■ Task directions
From the first line to the last, restate the material word for word; pictures stay out.
-------- Dataset section --------
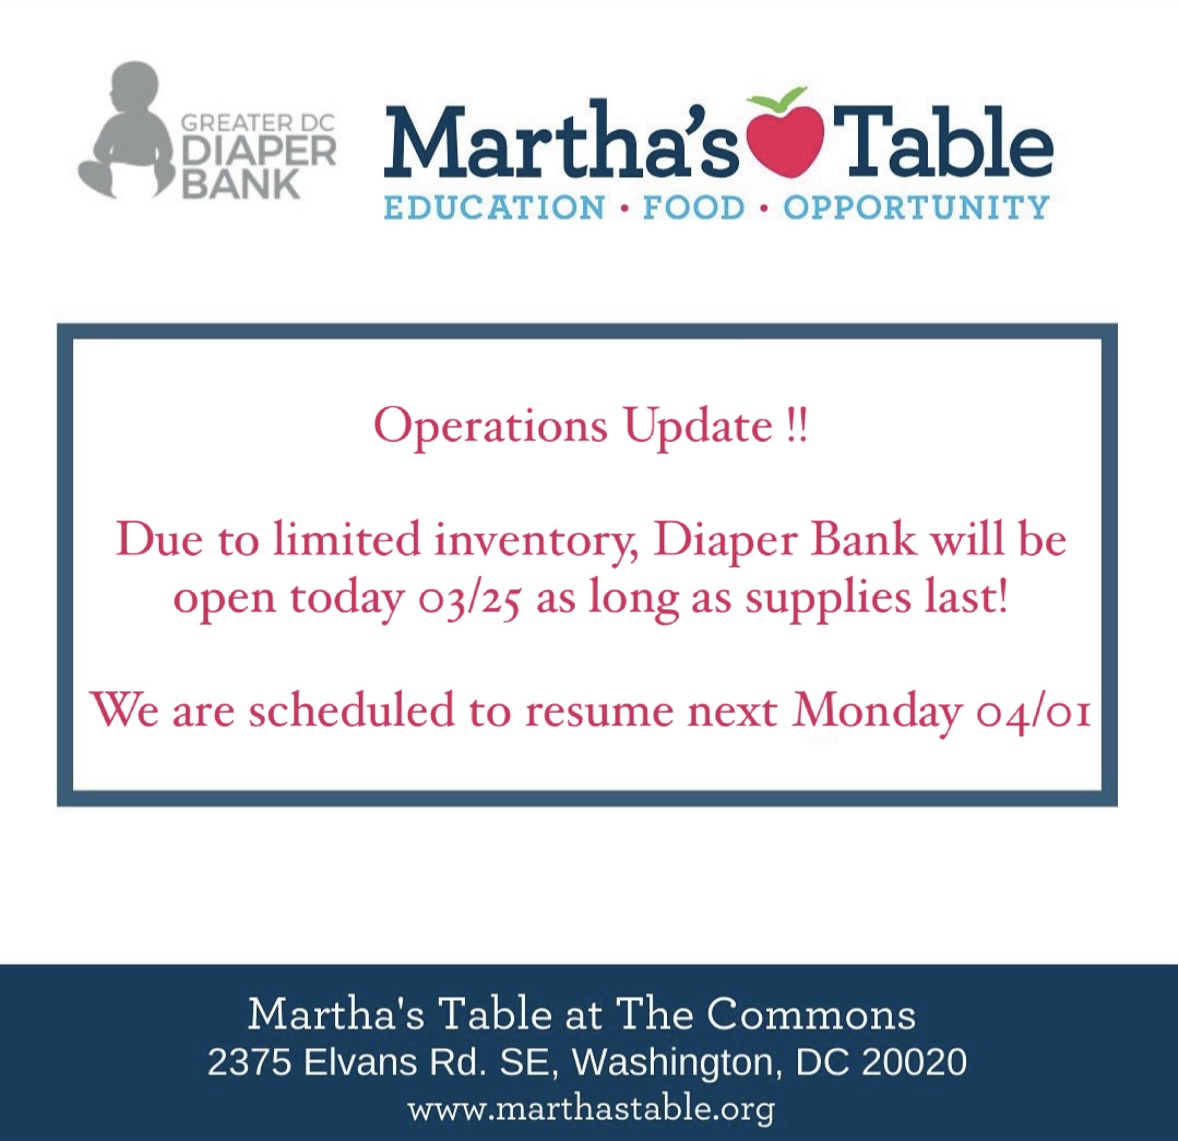 Operations Update! ❣️ Due to limited inventory, the Diaper Bank will be open as long as supplies last. We are scheduled to resume next Monday 04/01. #update #resources
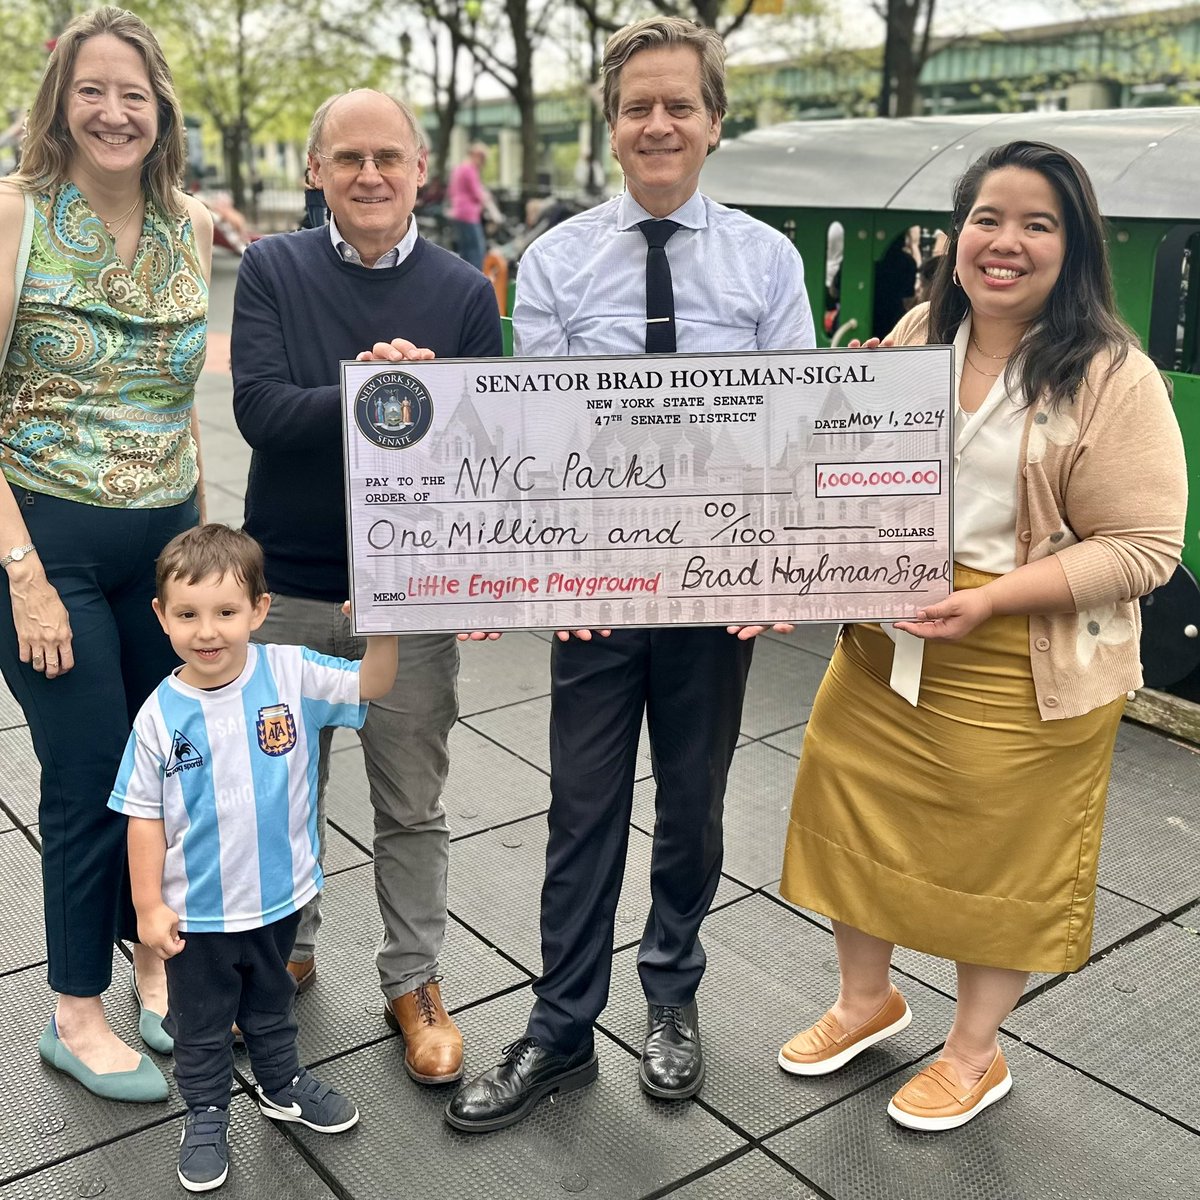 Recently, I presented a $1 million state grant to the beloved Little Engine Playground, which has delighted train-obsessed tykes on the Upper West Side for decades, and will make the park more accessible and safer for children for years to come.
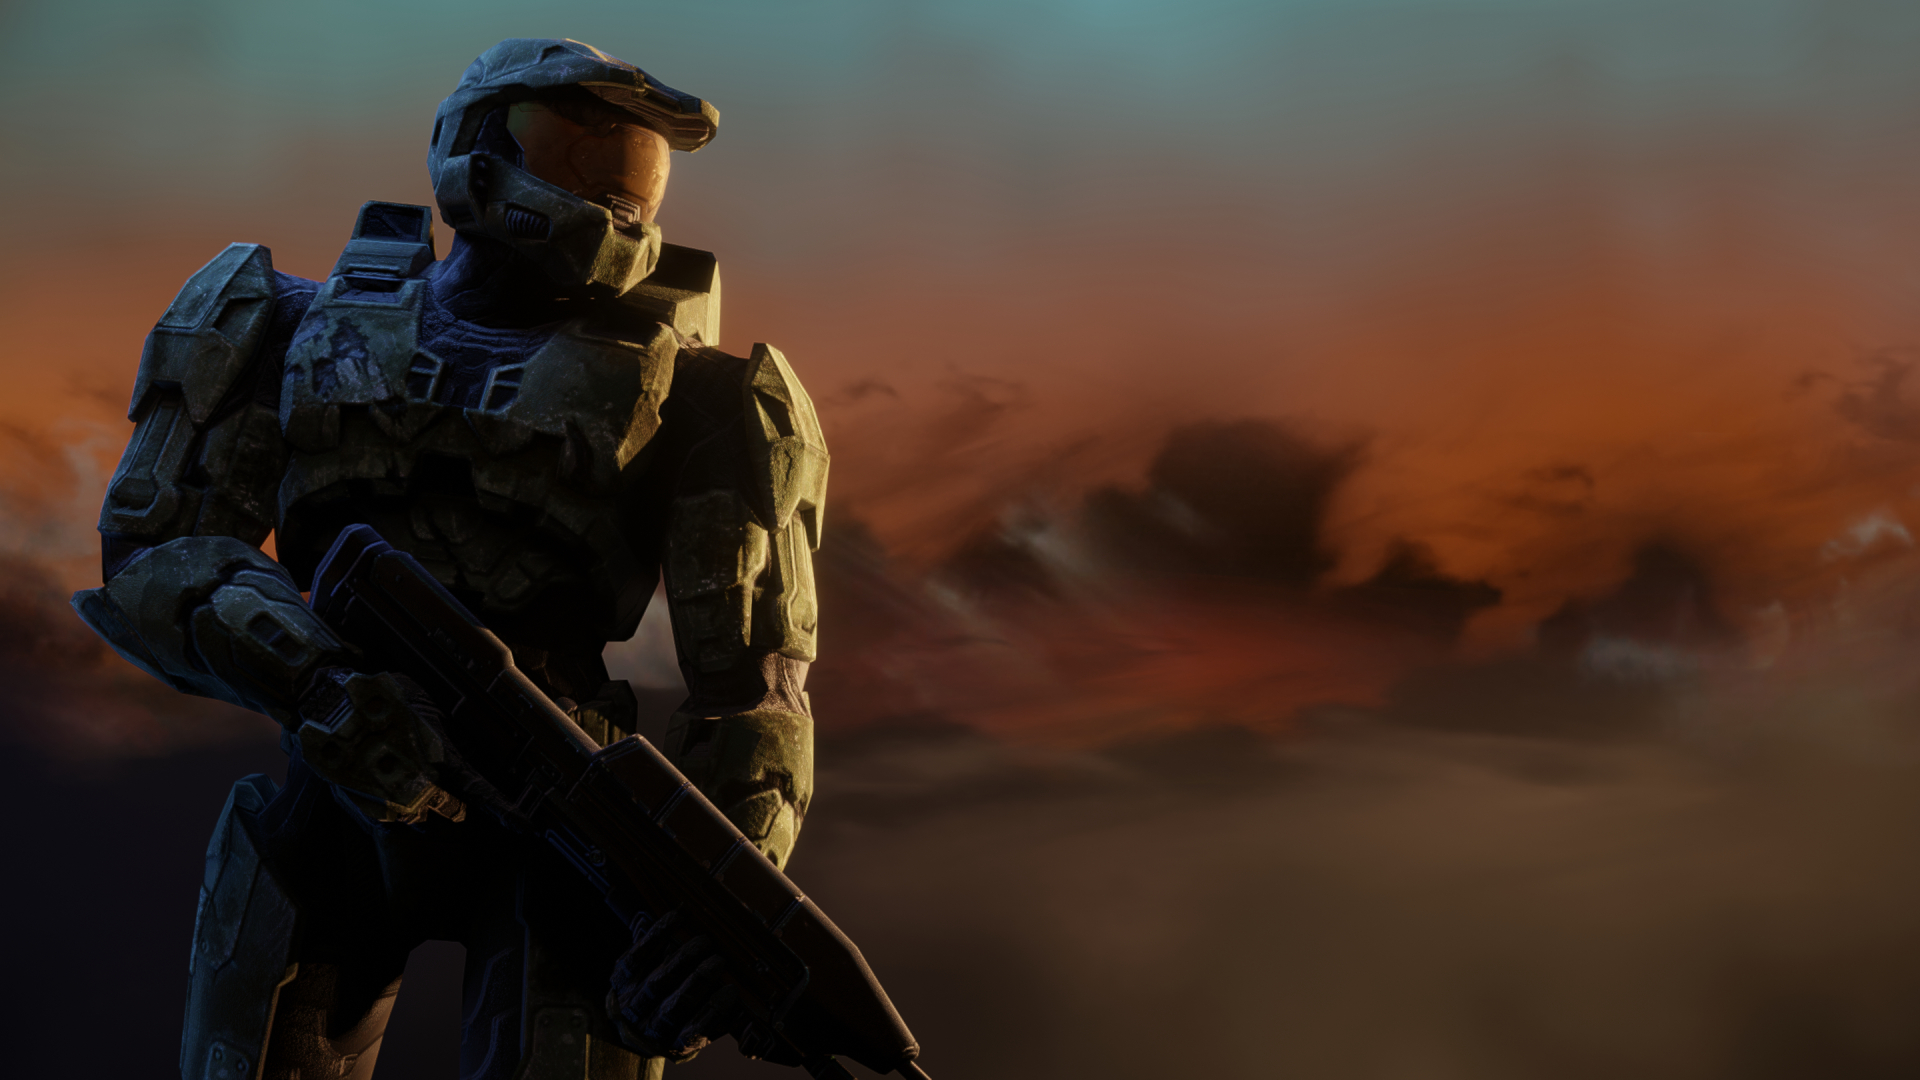 Update more than 71 halo hd wallpaper latest - in.coedo.com.vn
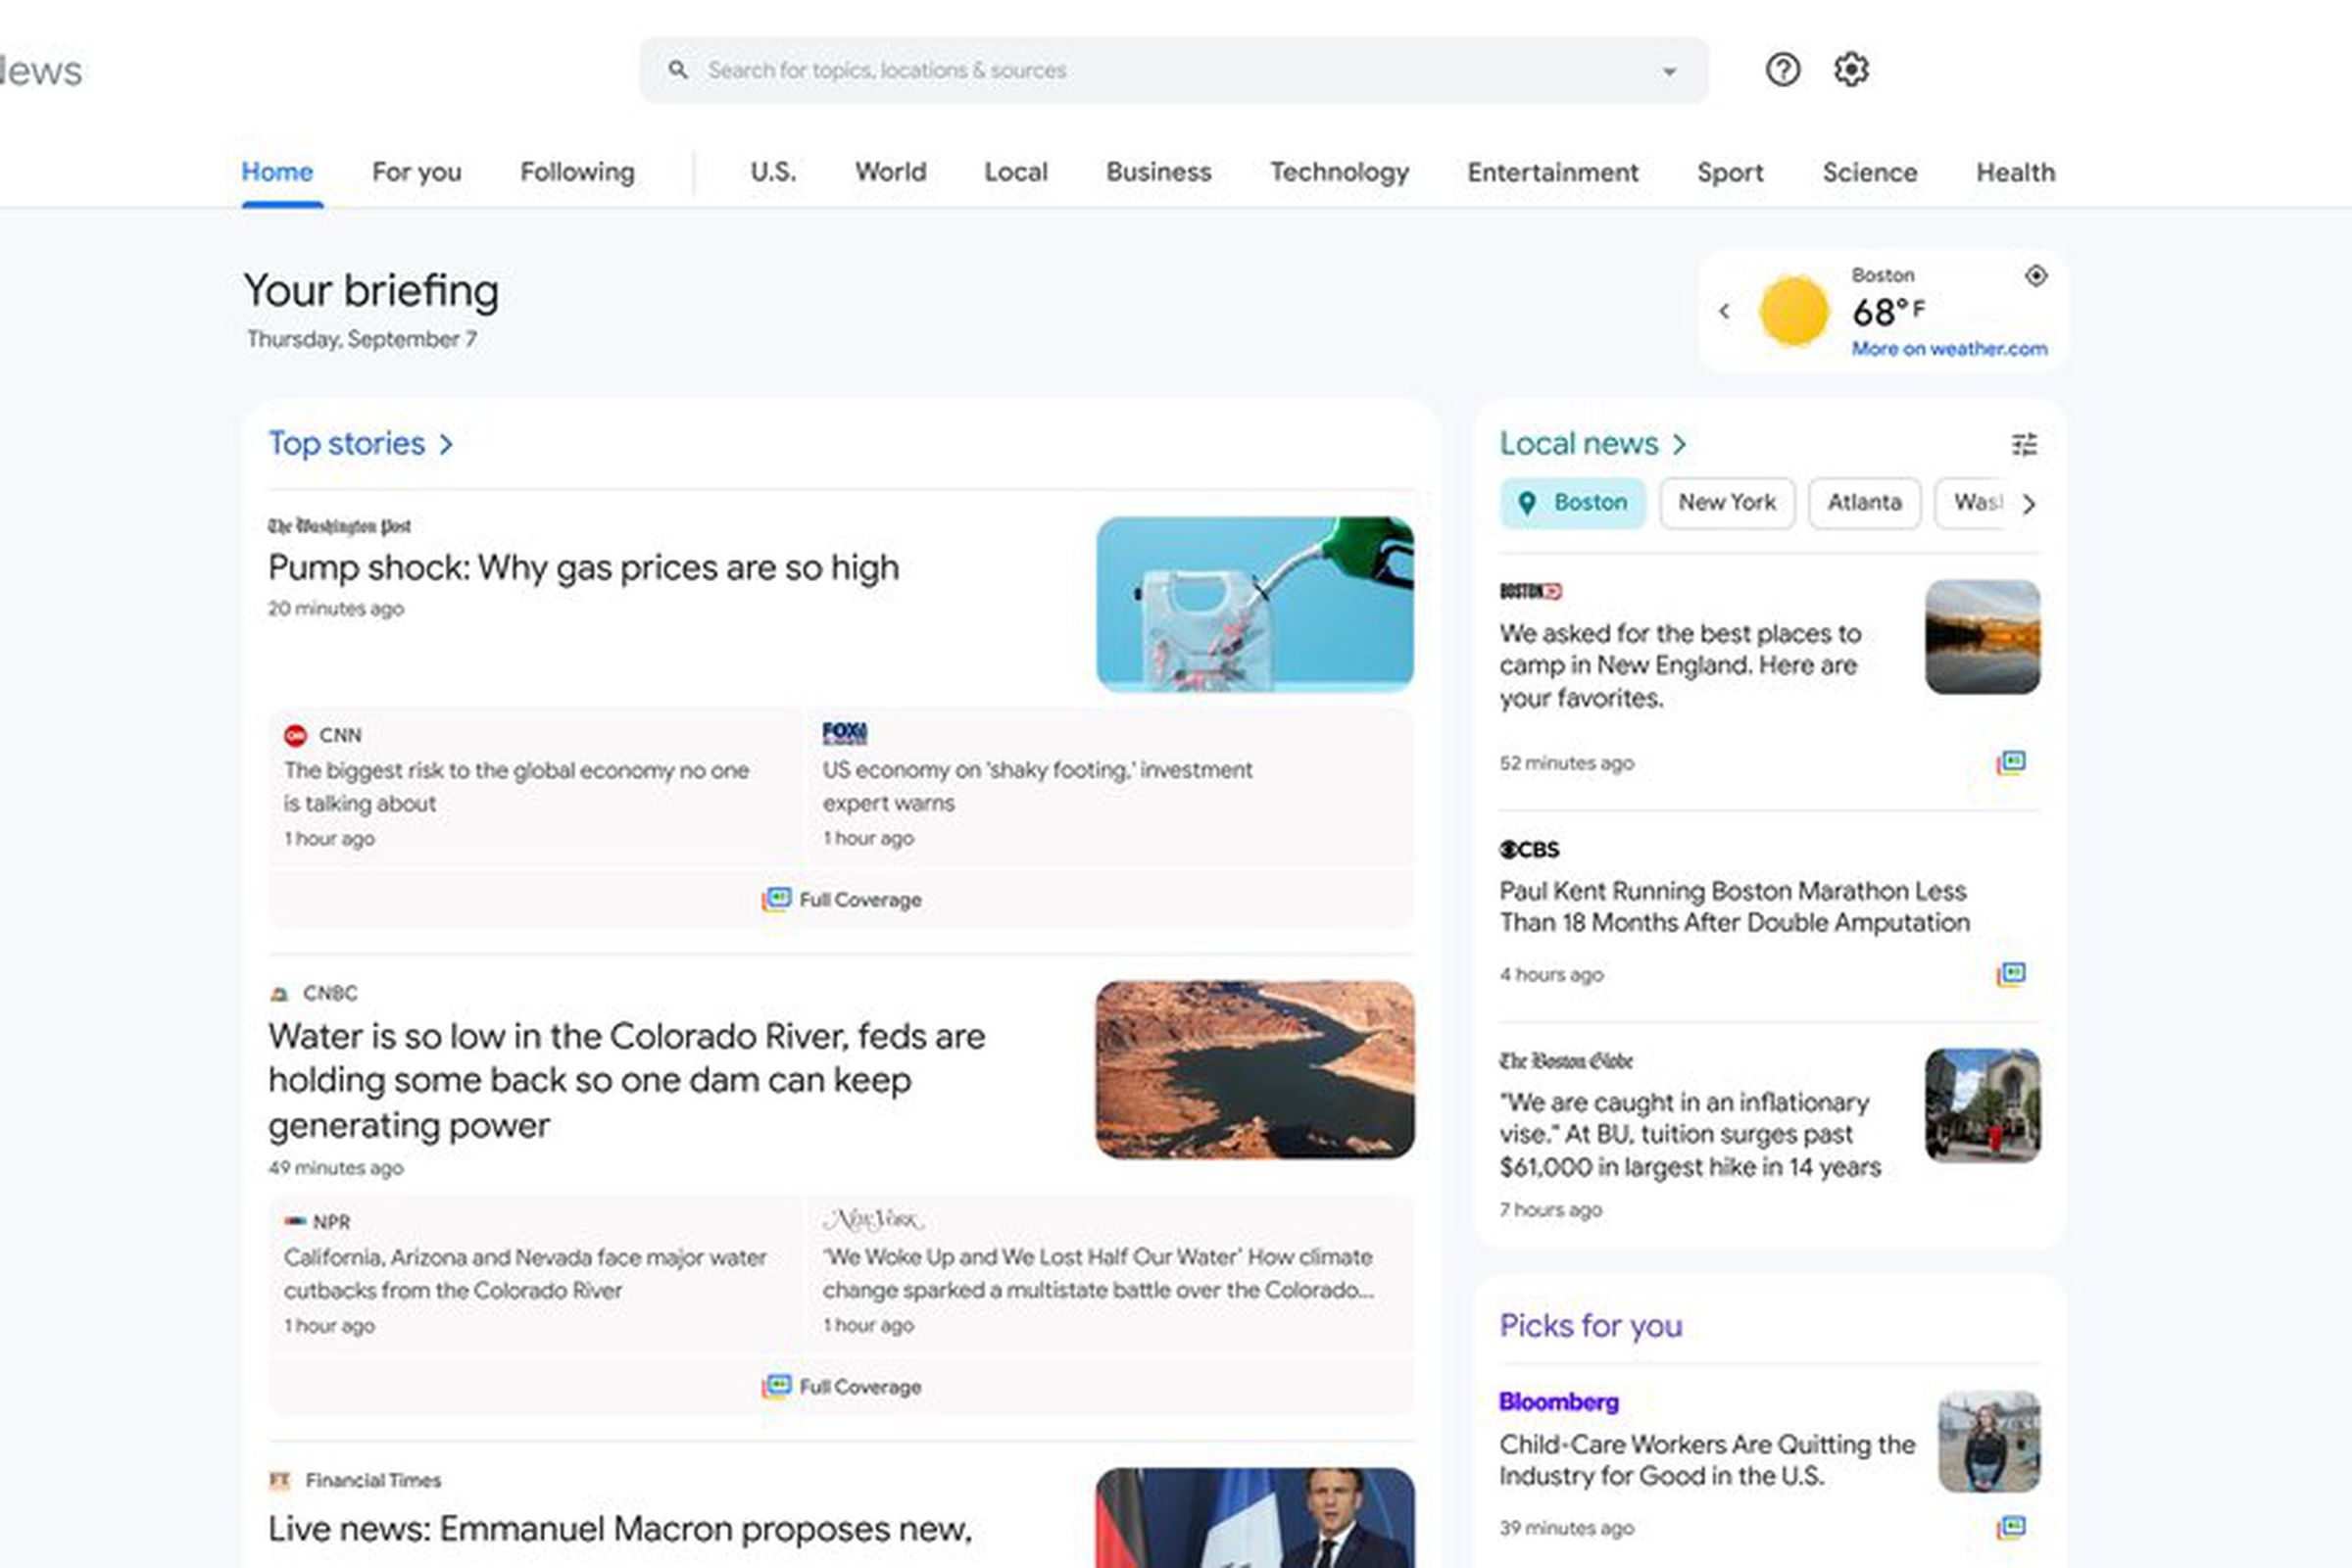 The new-look Google News makes local news and custom topics easier to find.
--------
■ Solution
 Operations Update! ❣️ Due to limited inventory, the Diaper Bank will be open as long as supplies last. We are scheduled to resume next Monday 04/01. #update #resources
 Recently, I presented a $1 million state grant to the beloved Little Engine Playground, which has delighted train-obsessed tykes on the Upper West Side for decades, and will make the park more accessible and safer for children for years to come.
 Update more than 71 halo hd wallpaper latest - in.coedo.com.vn
 The new-look Google News makes local news and custom topics easier to find.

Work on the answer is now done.